The finish is a bit chalky. Grippy, seems durable, picks up grease and dust like mad. Unique.

The lights are HUGE. The Tiara A1 (AA light) is the same size as my Zebralight H600fc iii (18650 light) except the battery tube is skinnier on the Armytek. It's comical. I know it's done to same on manufacturing costs but it's still way too big. The C1 is still big but at least it seems more justified and it fits 18350 batteries. That is cool.

The construction seems solid. I've heard of a lot of issues, especially after light usage. Hopefully I don't succumb to this.

Beam is a nice punchy flood as has been described before. my favourite beam pattern.

Tint. This is where things get interesting. The XPL "warm" is around 3800-4000K estimated. It is quite pleasant with a very mild green/yellow tinge. It's hard to really notice unless you look for it. Overall, one of the nicest XPL neutrals I have seen. The only issue is that I'm spoiled by Nichia 219A/B/C, 5D1 XML2, XML2 Easywhite etc. The green is much more noticeable when compared to some of these beautiful LEDs. Again, it's one of the niceest XPL neutral I've seen (most have been so gross and green I've modded everything to Nichia). So, by itself, it's great, but it doesn't rival a Nichia.

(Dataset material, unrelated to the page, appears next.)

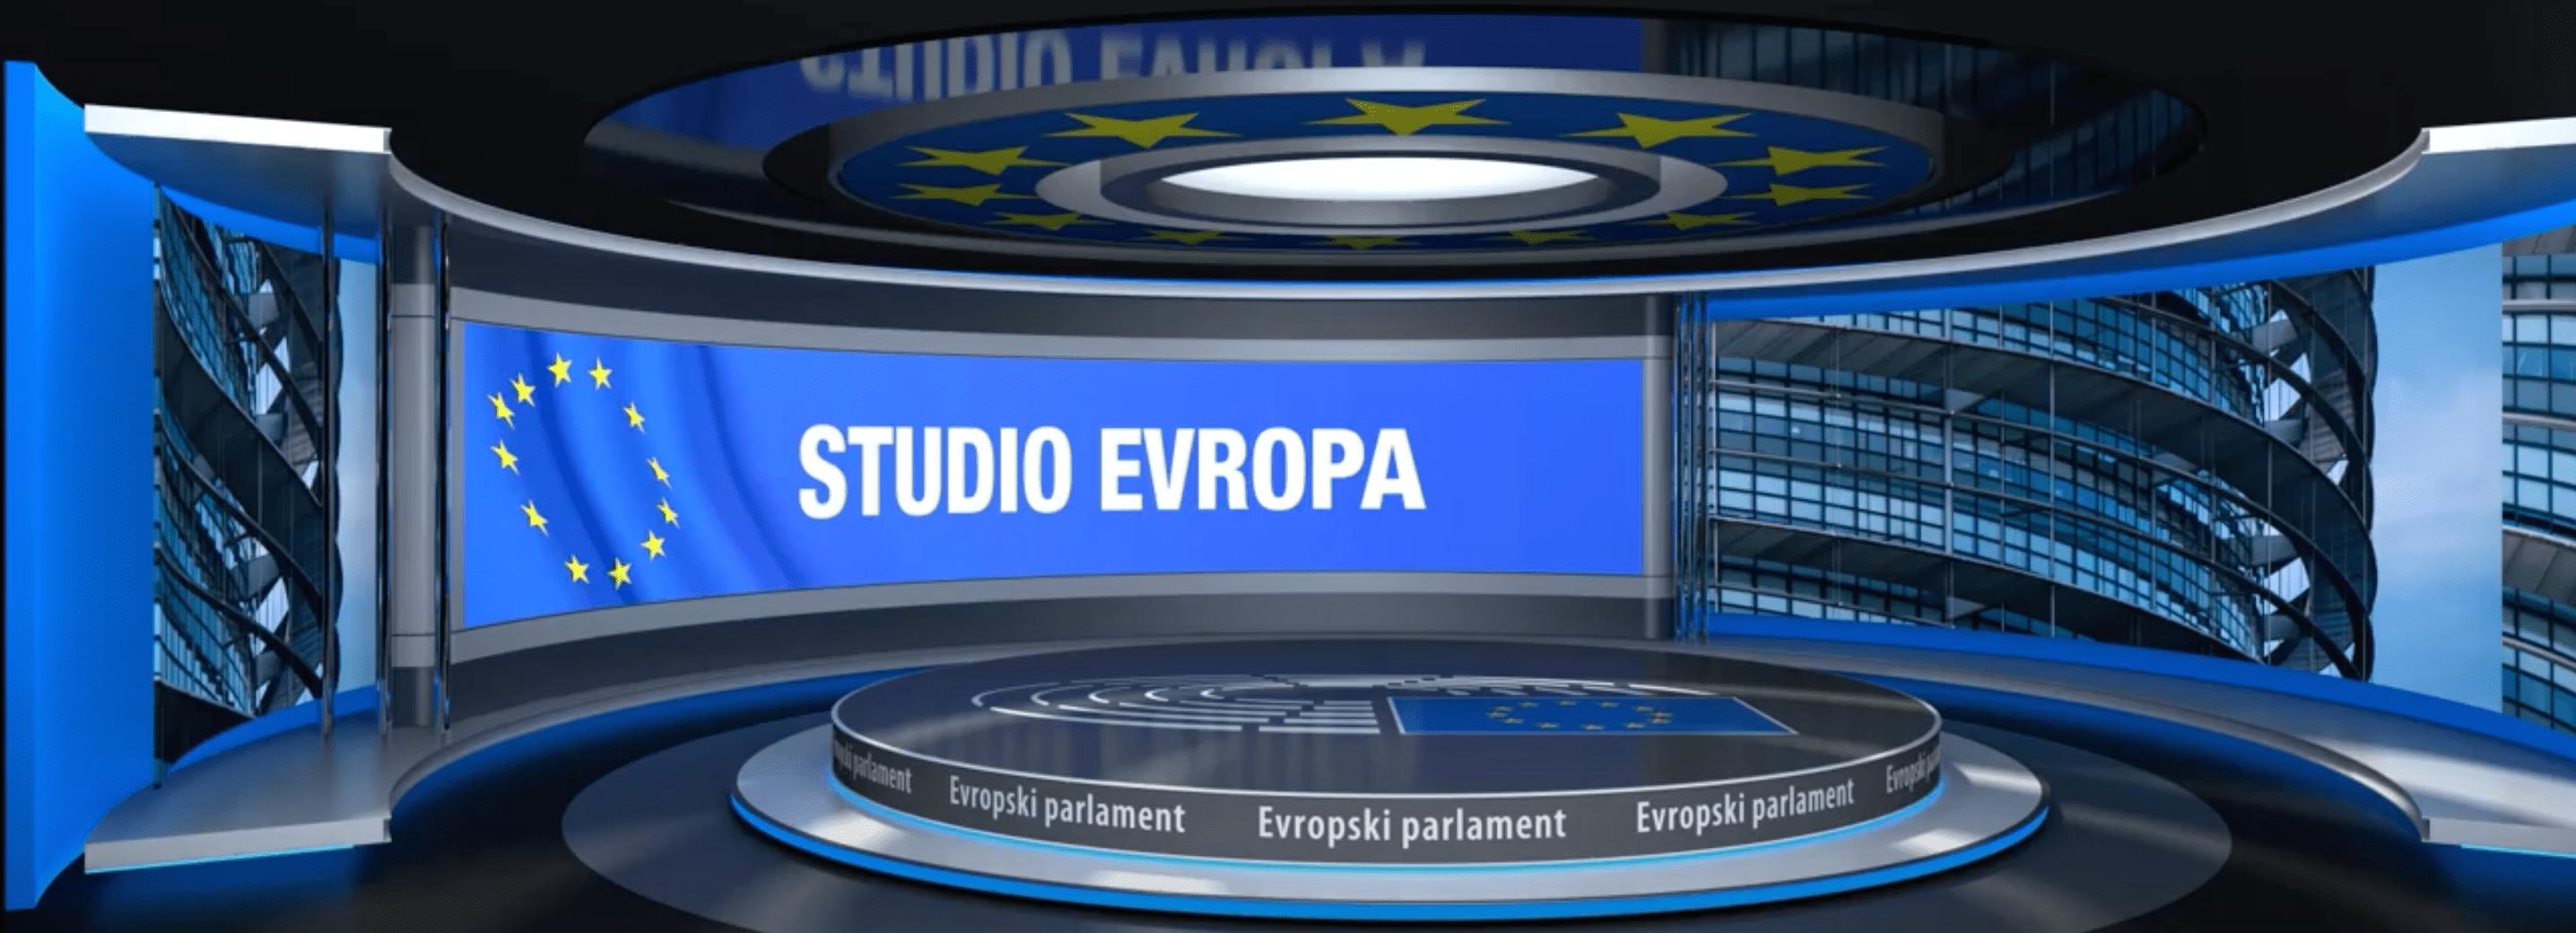 Studio Evropa. Vir: Evropski parlament

The high CRI XML2 is interesting. Very warm (2800-3000K) , with an orange colour cast. Very much incan like. Looks a bit dimmer than it is due to the colour. Overall, very cozy tint. Like a candle. So while it's high CRI, everything looks tinted, like an incan light. It's not for all applications, but is unique, cozy, and comfortable. Great for late at night, relaxing times. Good outdoors too.

So, all in all, I like all of them. Not perfect, not compact, but unique and usable. Nothing super annoying (except the blinking button). I know the non-pro models don't blink but I like the UI flexibility of the pro. 

Overall, I'm undecided. I may return one or both of the headlamps I got from Armytek. Can't return the locally bought one but it's pretty nice. Just not sure I can justify all these, and I might just want the next gen Zebralight instead.


----------



## gunga (Jan 6, 2017)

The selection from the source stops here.